Thursday, 27 February 2014

Throttled

He had felt it two nights ago, underneath his skin. The worms of desire had started wiggling, and gnawing at his flesh. The desires that had been sent to a seed for the past three months or so, had suddenly started sprouting. Thoroughly unprepared, he was still coping with this sudden onslaught, trying to figure out what could have provoked it. The past three months had been so peaceful. All he had to worry about was him. Succumbing to this onslaught would mean bowing to the whims and demands of others.  Parading, anticipating, handling rejections, putting yourself out there to be consumed—it was too much work, all in all.

Rejections were a part of deal, yes. But today it had hit him hard. Parth was this uber-macho guy whom everyone had desperately wanted. He did not know what got into him, and he sent a message to Parth. To his surprise, Parth responded favourably. But the interaction had come to an abrupt and awkward end as soon as he said he won’t go fourth base. “Sorry, dude! Then I am not interested,” Parth said in his last message.

Was it about Parth? No, it was about the grounds on which he was turned down that made him feel incomplete and inadequate. He hated himself for not being able to take the plunge yet. He was about to turn twenty-six this year after all. He hated himself for craving for that specific specimen of masculinity that Parth epitomised. How demeaning it was. But then, just like so many other things in life it JUST was. Do you get to engineer your choices and desires consciously? Or do they just happen? And once they do happen, is there much that can be done about them except for yielding to them, or indulging in self-congratulatory ratiocination or intellectual masturbation to justify your not yielding to them? Both exercises seemed equally appealing and futile to him. His only coping mechanism: silence. Pregnant and loaded silence.

His disquietude could perhaps also be traced to this cousin who got married last week. She was exactly his age, so much so that there was a gap of hardly three days between their birthdays. She was one of those cousins whom your parents and family always compare you with, to your chagrin of course, because he/she is miraculously good at every thing they do. She was always better at academics, maths in particular. She always scored more than him. She got into a better college than his. She had wanted to pursue engineering; how on earth then he, being a boy, could have dared to pursue any other discipline, his relatives had insisted. His performance was always weighed against hers. His skills and penchants ...what did they matter!

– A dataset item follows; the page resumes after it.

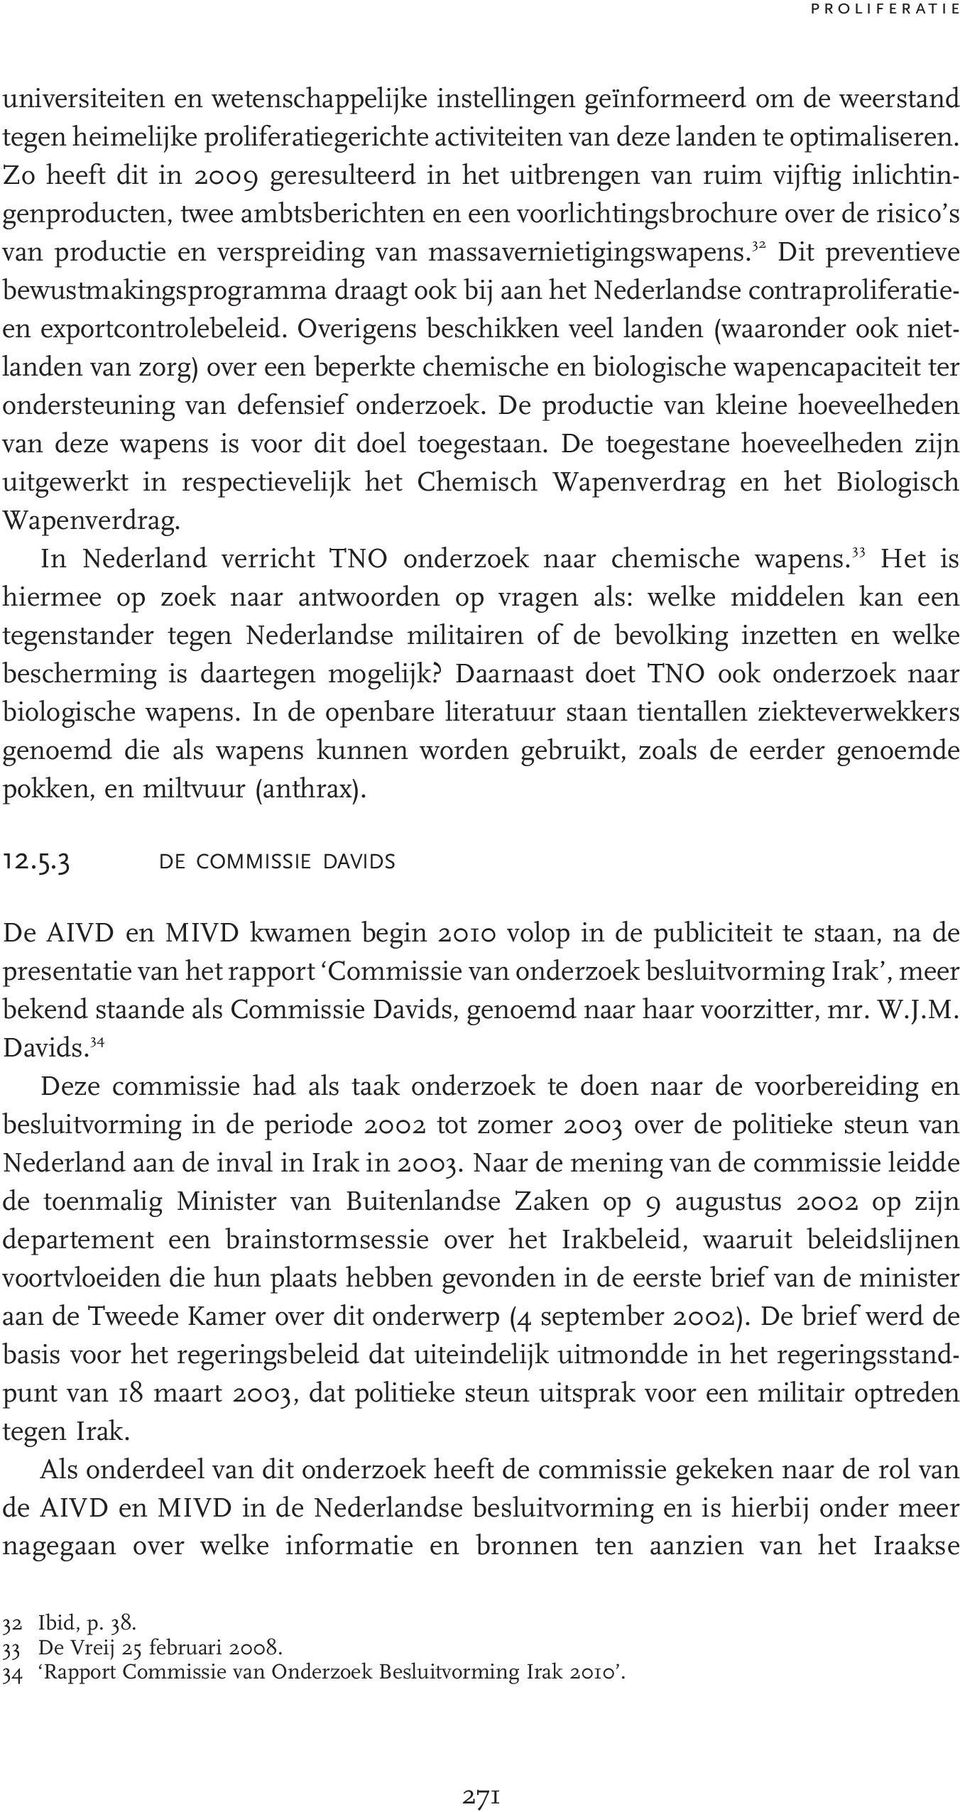 massavernietigingswapens. 32 Dit preventieve bewustmakingsprogramma draagt ook bij aan het Nederlandse contraproliferatieen exportcontrolebeleid.

And now she beat me even at getting married, he thought. There was of course a strain of jest in his thought. Despite everything he genuinely liked her. It wasn’t her fault after all. She was one of the few people from the family he was fond of. Maybe because they were age mates; maybe because she showed some respect when she talked to him and never made him feel expendable like the others in the clan did; maybe because they studied (and whined about) the same course at the same time. He wanted to attend the marriage. But he did not.

He expected her to personally invite him. Nothing grand— not even a phone call, just a message on facebook would have done the trick. No avail. Her father called up his. His father decided to go. “All of them were asking when are you getting married,” his father told him upon returning from the wedding. His reply was only a smile.  

Majestically, he sat to write, hoping to find some solace in words. But no sooner he reached the second paragraph than he realised that even the writing was throttled. He used terms such as “fourth base”. He remembered how taken aback he was when he observed how the Nobel prize winning author, Toni Morrison, used the word “fuck” ever so organically in her prose.  And he, a person of no literary worth whatsoever, could not do so. He wished he could be as unapologetic as she. Or V whose writings he admired. But inhibitions had clawed deep in his head, and he found it difficult to shake them off.